Radiologic evaluation of the chest within 12 weeks prior to treatment; at a minimum, chest x-ray is required. CT imaging of the chest or PET/CT is acceptable.
ECOG Performance Status 0-2
CBC/differential obtained within 8 weeks prior to treatment, with adequate bone marrow function defined as follows:
Platelets ≥ 100,000 cells/mm3
Hemoglobin ≥ 8.0 g/dl (Note: The use of transfusion or other intervention to achieve Hgb ≥ 8.0 g/dl is acceptable.)
Adequate renal and hepatic function within 4 weeks prior to treatment, defined as follows:
Serum creatinine < 2.0 mg/dl
Total bilirubin < 2 x the institutional ULN
AST or ALT < 3 x the institutional ULN.
*Note that physician attestation of patient having no known history of liver disease can take the place of bilirubin and AST/ALT labs.

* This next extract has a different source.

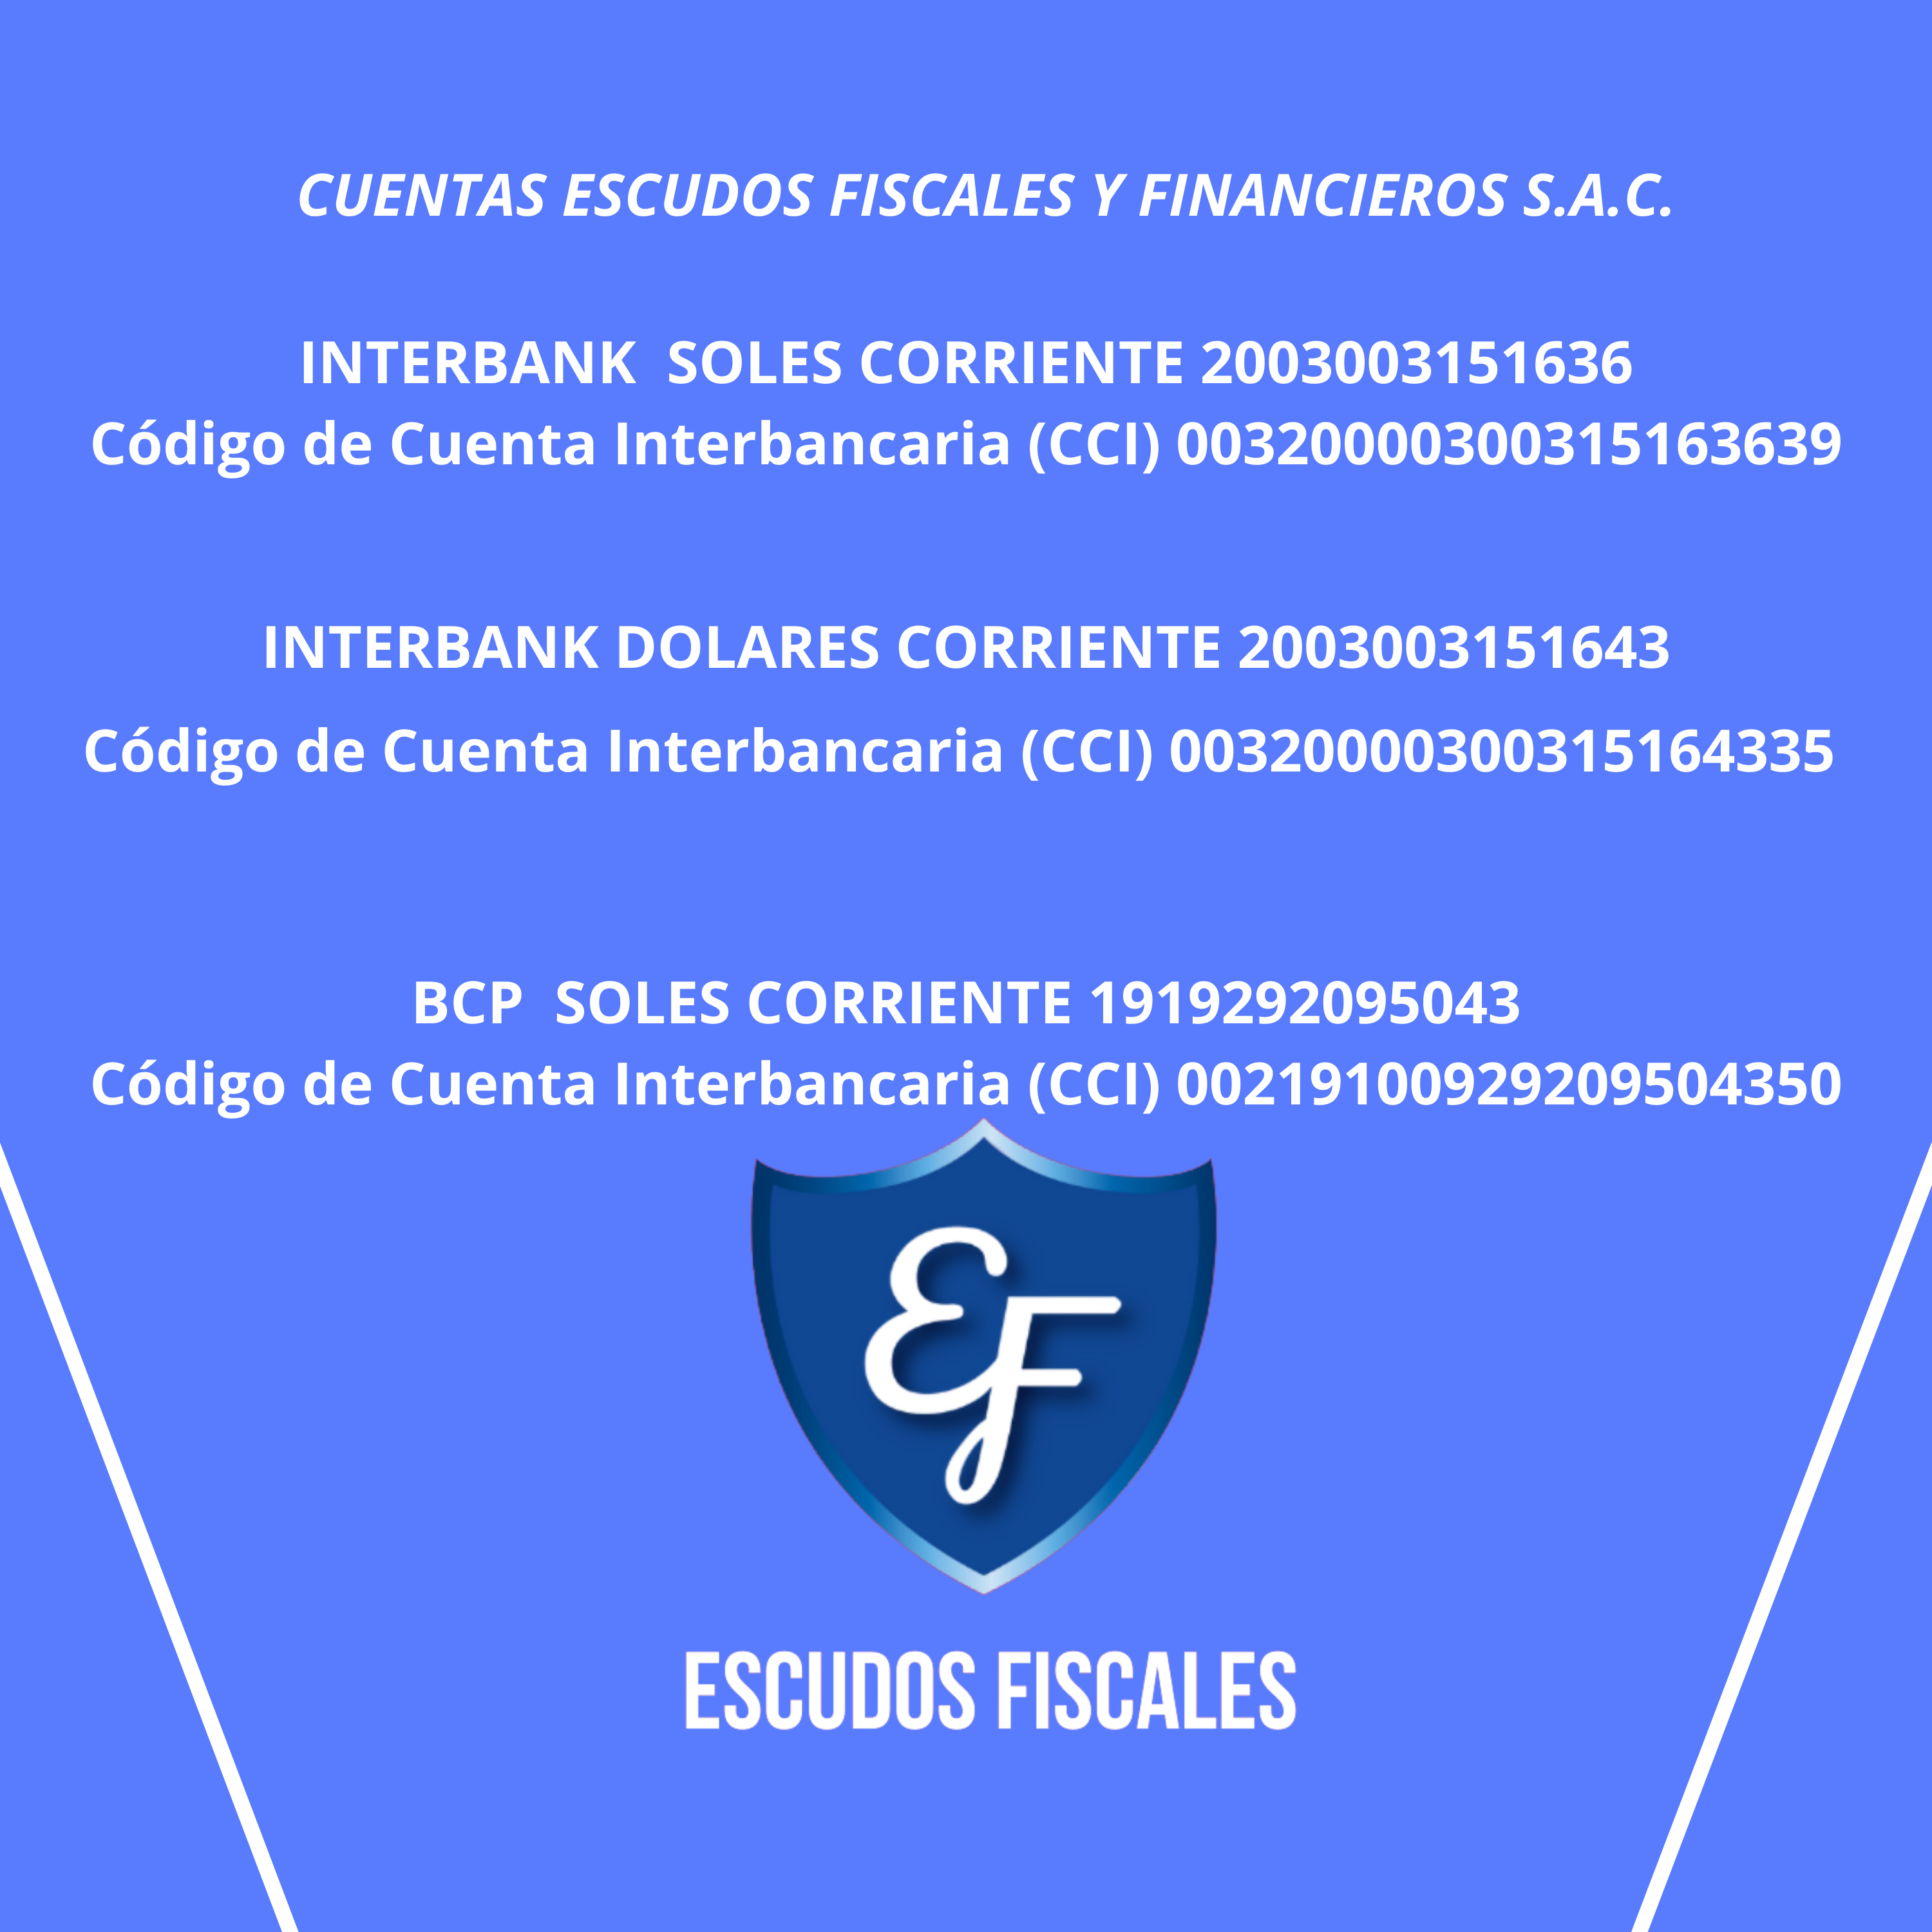 CUENTAS ESCUDOS FISCALES Y FINANCIEROS S.A.C.

Negative pregnancy test within 2 weeks prior to treatment for women of childbearing potential
Women of childbearing potential and male participants who are sexually active must practice adequate contraception during treatment and for 6 weeks following treatment.
Patients must be deemed able to comply with the treatment plan and follow-up schedule.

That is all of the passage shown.